I read the commercial section here, because I'm always interested in how other business, in other fields, operate at both large and small scales. I already work in managing 3 of them, all in completely different fields, and learned a long time ago, ya just never know when a tidbit you pick up from one, can be applied to another. I had no idea what I was getting into when I took up hives in the yard as a hobby, and have learned quite a bit along the way. When I first started, the thought had never crossed my mind that bees could be a viable business, it was one of the eye opening things I learned along the way, along with a myriad of other lessons that have come out of my hobby.

I'm always on a learning quest, and every hobby I take up, inevitably that learning quest leads me to understanding how the business end works.
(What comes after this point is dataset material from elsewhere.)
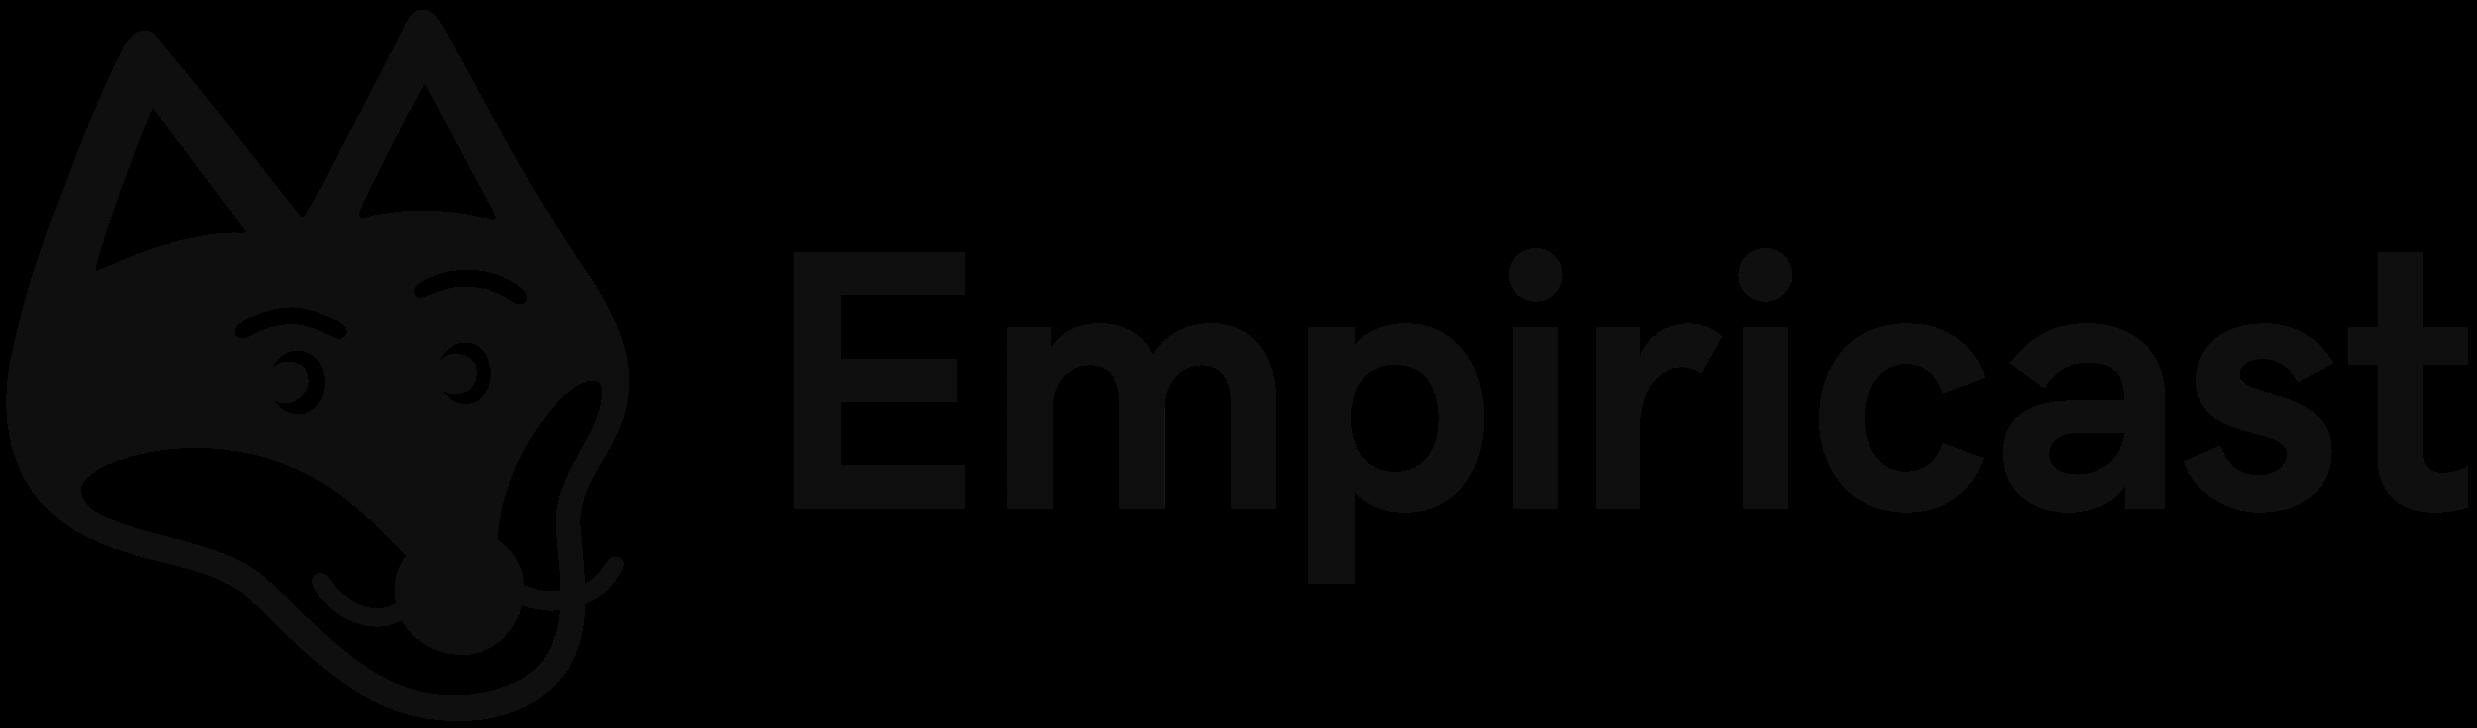 Empiricast
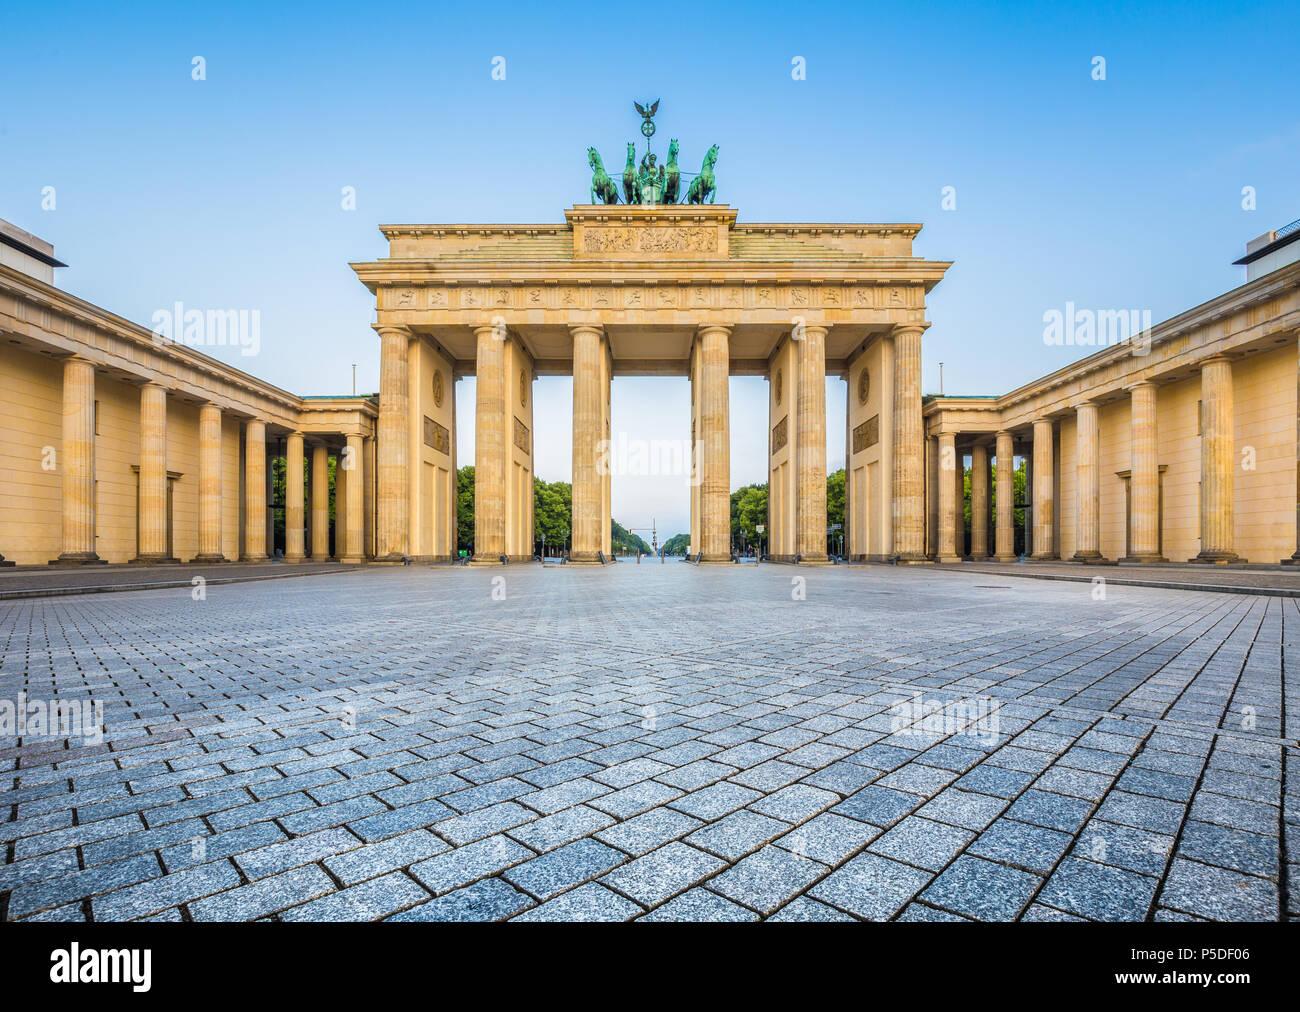 Brandenburger Tor (Puerta de Brandenburgo), uno de los hitos más conocidos y los símbolos nacionales de Alemania, en la hermosa golden morning light en sun Imagen De Stock

My bees in the back yard are no different.


----------



## RAK (May 2, 2010)

Matt903 said:


> Do you get any honey from almonds? I have no intention to get into migratory beekeeping, but the whole process interests me, just wondered how the other half lived



*Do you get any honey from almonds?*

We don't put honey supers on during almonds. we run doubles and in a good year the bees gain some weight. Most of this honey collected is used up during the few weeks until apples. Honey is converted into bees.

I have thrown on a second deep with a few drawn combs + foundation onto some singles and bees had box filled by end of pollination.


----------



## Roland (Dec 14, 2008)

Good recovery, Matt903, you replied with open honesty, and stayed calm in the face of SQKCRK. We will all learn from each other now. Thank you.

Crazy Roland


----------